Dimensions 131 mm (height) x 89 mm (width) (bladmaal)

Curator: This page, "Rejsedagbog. Amsterdam" from 1846 by Johan Thomas Lundbye is deceptively simple. Editor: It looks like a page torn from a travel journal, mostly text on paper. It's quite intimate. What do you see in it? Curator: The labour of its creation! We have to consider the materials available to Lundbye: the paper, likely handmade; the ink, perhaps mixed on site. How did these affect the mark making, the pressure applied to the page? How does this intersect with landscape? Editor: Landscape? I mainly see text. Curator: But what *is* landscape art if not the result of someone transforming an experience in nature into a commodity, an object? The ink and paper themselves are material resources extracted from the earth. Look at the *writing*. Lundbye's careful script tells us about the education and social class available to him, a form of social "material." Do you agree with that analysis? Editor: I do. Seeing the production aspect highlights how even a personal item, like a travel diary, is linked to economic and social structures.

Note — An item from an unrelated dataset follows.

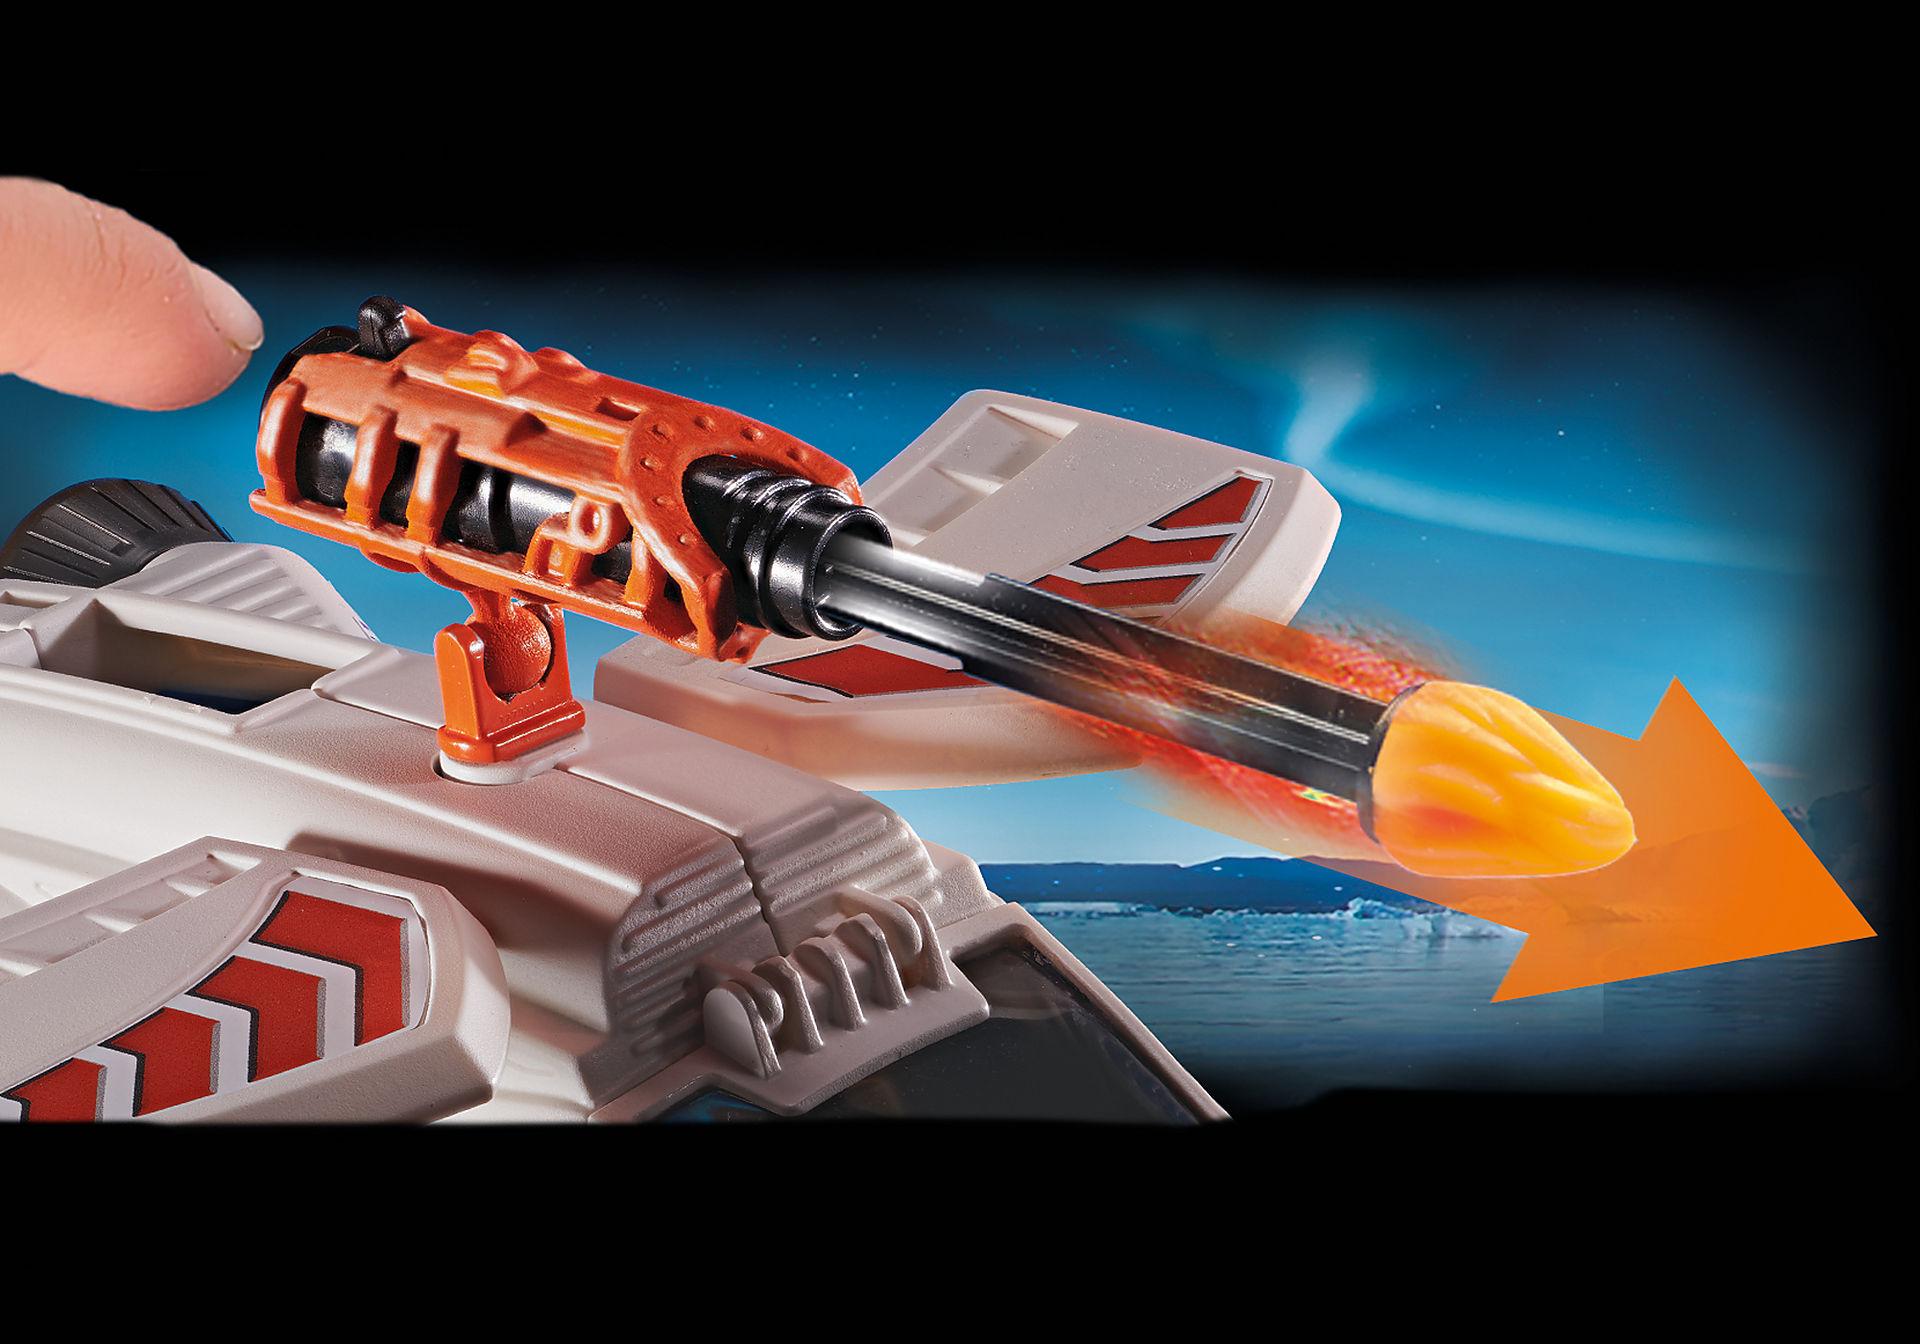 70231 Spy Team Planeador de Nieve zoom image6

It makes me consider the value placed on these types of creative skills within that context, like access to suitable material, social status, or educational possibilities. Curator: Exactly! By considering the material and processes involved, we move beyond merely admiring the final product and engage with the socio-economic conditions that made it possible. We can trace these choices to the artistic intent. Editor: That really reframes how I see this; it's less about what the writing describes and more about the act of its making and the resources that enabled it. Curator: Indeed, seeing the materials transforms the image.